Bewegen tijdens revalideren

Revalideren staat synoniem aan bewegen. Waar je vroeger na een operatie nog lang kon uitzieken in bed, word je nu geacht zo snel mogelijk overeind en in beweging te komen. Ook als je op leeftijd bent, ook als je een ingrijpende aandoening hebt gehad of chronisch ziek bent.

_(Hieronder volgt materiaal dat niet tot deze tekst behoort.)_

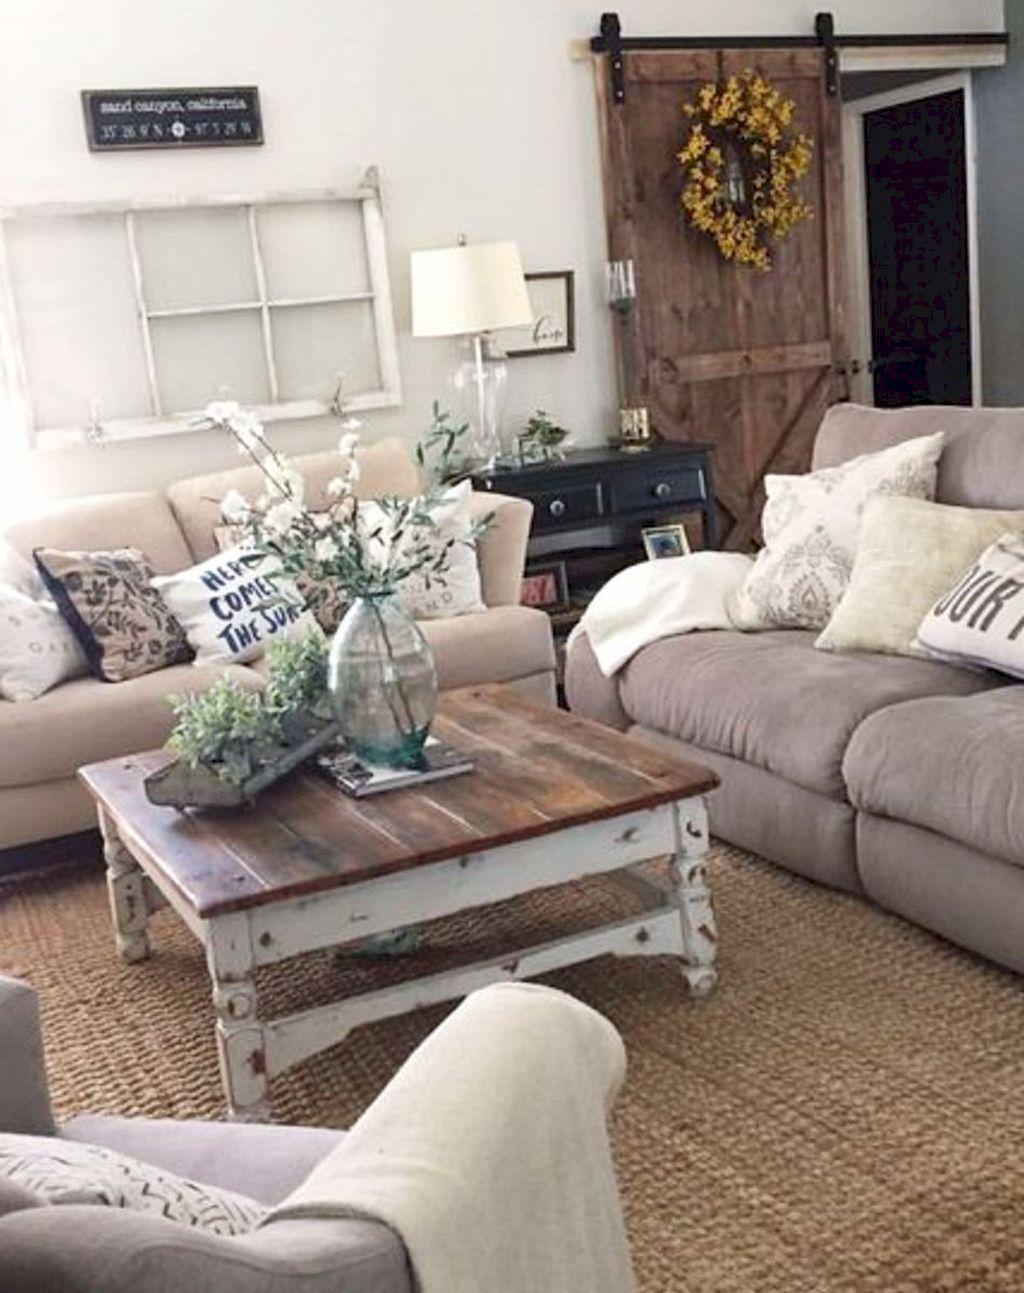 45 Cozy Modern Farmhouse Living Room Decor Ideas Farmhouse Decor Living Room Rustic Chic Living Room Modern Farmhouse Living Room Decor

TEKST INGE HEUFF • BEELD SANDRA SCHIMMELPENNINK, SD SPORT

Juus Kreiken, een vieve inwoner uit Noordwelle, werd eerder dit jaar getroffen door een ernstige bloedvergiftiging. De infectie bleek uit een ontsteking in zijn halswervels te komen. Deze moest behandeld worden met een operatie en langdurige antibiotica toediening. Hierdoor, en door vele complicaties (delier, trombose), was hij erg verzwakt geraakt. Na een aantal weken verblijf in het ziekenhuis werd hij opgenomen op de geriatrische revalidatieafdeling van verpleeghuis Cornelia in Zierikzee. “Ik had zo’n 15 kilo aan spiermassa verloren en kon eigenlijk niets meer”, vertelt hij. “Als je vervolgens terecht komt in een verpleeghuis, dan pas je daar je toekomstverwachting op aan. Verder dan aan een leven in een rolstoel dacht ik niet. Ik was overigens wel blij dat het de Cornelia werd, dat is voor mijn vrouw Conny toch een stuk dichterbij dan Goes of Rotterdam.”


Te verzwakt

“Niet iedereen komt in aanmerking voor een revalidatiekliniek, daar moet je namelijk een bepaalde conditie voor hebben”, legt Esther Oosterhoff uit. Zij is specialist ouderengeneeskunde (voorheen verpleeghuisarts) bij Allévo. “Wie zo verzwakt is als Juus, is aangewezen op de geriatrische revalidatieafdeling van een verpleeghuis. Het gaat vaak om ouderen, maar we hebben hier in Cornelia ook mensen met niet-aangeboren hersenletsel of met een progressieve chronische ziekte als MS of Parkinson die veel jonger zijn.”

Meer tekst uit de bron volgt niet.